Еще раз о равенстве и братстве




 

 

— Существуют расчеты по имущественному неравенству в России в начале двадцатого века: оказывается, децильный коэффициент неравенства был очень низкий — 6,3–10, намного ниже, чем в США (16–18), Англии (22,5–74). Кстати, в СССР этот показатель не так уж далеко ушел от царской России (3,7–4,5), а в современной России он равен 15. Согласны ли вы с такими оценками и как это можно объяснить?

— Вы, очевидно, имеете в виду подсчеты Бориса Миронова в его исследованиях по исторической социологии России. Этим подсчетам я доверяю. А объяснить эти цифры можно так: в России было мало по-настоящему богатых людей по сравнению с той же Америкой, Англией. Неслучайно прямые налоги составляли малую часть государственного бюджета — восемь процентов, не с кого было брать. Однако благосостояние народа начало подниматься, и мы это видим по росту вкладов в сберкассы, в кредитные кооперативы, в банки. Ведь промышленный подъем 1909–1913 годов и столыпинская реформа — это две стороны одной медали. К моменту, когда кончилась революция 1905–1907 годов, в банках накопилось много денег — своих, русских, — и это стало сильным стимулом реформы. С 1900 по 1908 год вклады и текущие счета акционерных и коммерческих банков выросли почти на 50 процентов. К началу 1909 года капитала в ликвидном состоянии было накоплено столько, что, как только в 1909–1910 годах случился хороший урожай, начался могучий промышленный подъем, мощное строительство — промышленное, транспортное, городское. Большая часть Москвы: Бульварное кольцо, улица Святого Николая — интеллигентский Арбат — это же тогда было застроено.

Кстати, я всегда люблю напоминать, что модернизация Витте—Столыпина дала нашей стране двух будущих лидеров. В 1900 году из Курской губернии в Донецко-Криворожский бассейн переехали две крестьянские семьи. На шахту возле Юзовки отправился крестьянин Сергей Хрущев (сын Никита присоединился к нему в 1908 году; вероятно, они укрепили землю, продали или сдали ее и уехали из деревни), а Илья Брежнев — в село Каменку неподалеку от Екатеринослава (будущий Днепродзержинск), где в 1906 году у него родится сын Леонид.

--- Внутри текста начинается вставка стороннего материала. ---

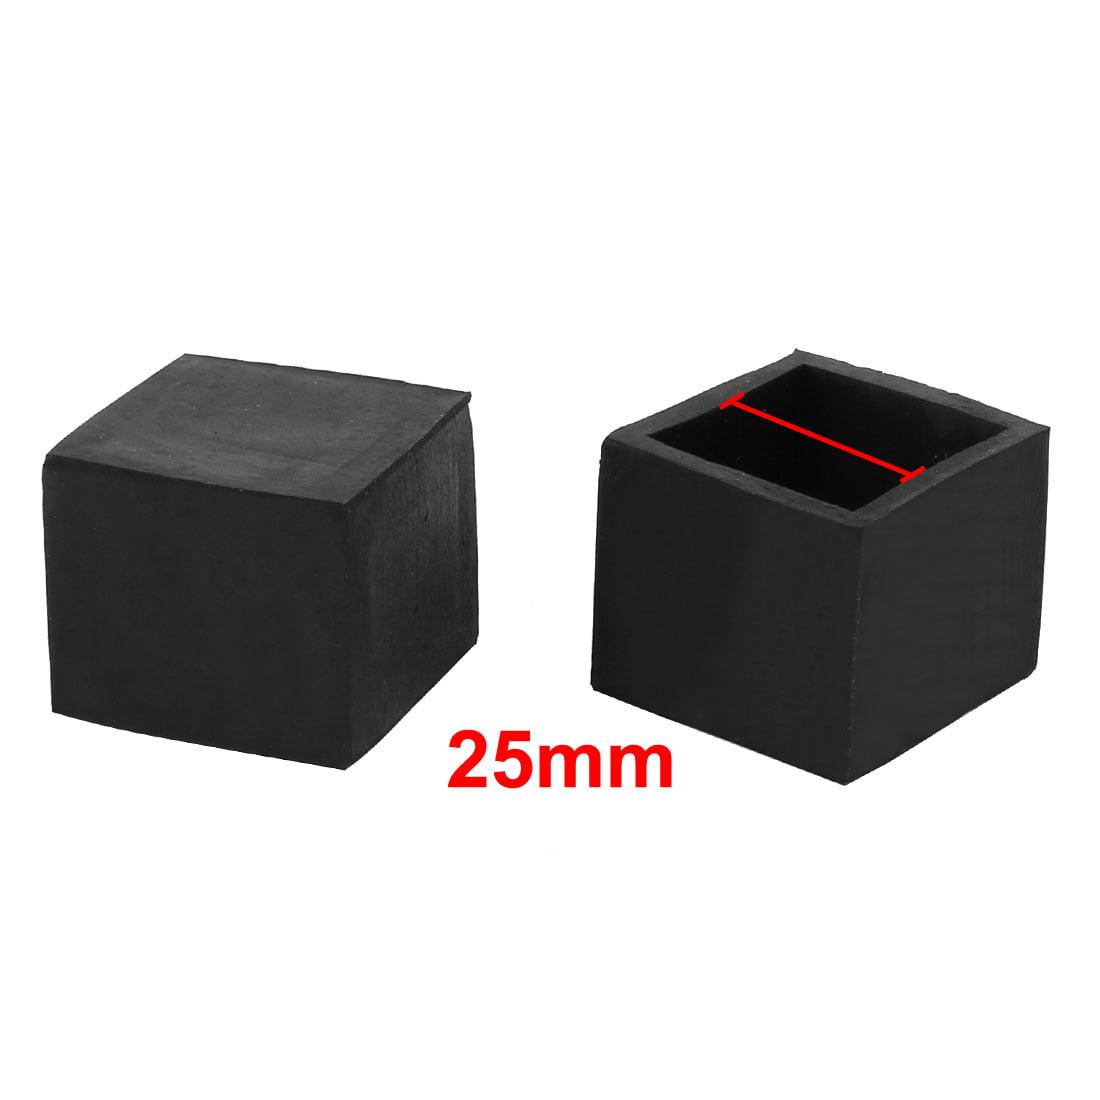 25mmx25mm Square Chair Leg Floor Protectors Table Feet Tips Covers Caps 8pcs - image 2 de 3

— По поводу роста вкладов в сберегательные кассы: росло ведь и количество самих касс, и величина вкладов?

— Сберкасс очень много открывали. Даже в мировую войну этот процесс продолжался, и в 1916 году насчитывалось в полтора раза больше сберкасс, чем в 1913-м. Так что отнести туда деньги или снять было легко. Причем крестьяне, наряду с общественными и частными служащими, были наиболее преуспевающей категорией вкладчиков. По моим подсчетам, если исходить из средней численности семьи в шесть человек, то десять процентов крестьянских семей в 1913 году имели сберегательную книжку. И если в целом по империи за 1896–1913 годы число книжек и сумма вкладов на них увеличились в 4,3 раза (не считая вкладов в процентные бумаги), то количество крестьянских книжек выросло в 6,9 раза, а сумма вкладов — в 7,2 раза (см. график 6. — «Эксперт»). Причем в столыпинскую реформу этот процесс ускорился: на 1897–1905 годы приходится 46,5 процента общего прироста крестьянских вкладов за весь период 1897–1913 годов, а на 1906–1913 годы — 53,5 процента. Например, в Тверской губернии сумма крестьянских вкладов возрастает за годы реформы на 15,8 миллиона рублей (стоимость броненосца класса «Бородино»), в Московской — на 12,4 миллиона, это почти три крейсера «Варяг», во Владимирской — на 9,7 миллиона, в Смоленской и Ярославской — на 8,4 и 8,5 миллиона рублей! Правда, в южных губерниях, где быстрее развивалось рыночное хозяйство, этот показатель был скромнее, потому что там охотнее несли деньги в кооперативы и их было больше.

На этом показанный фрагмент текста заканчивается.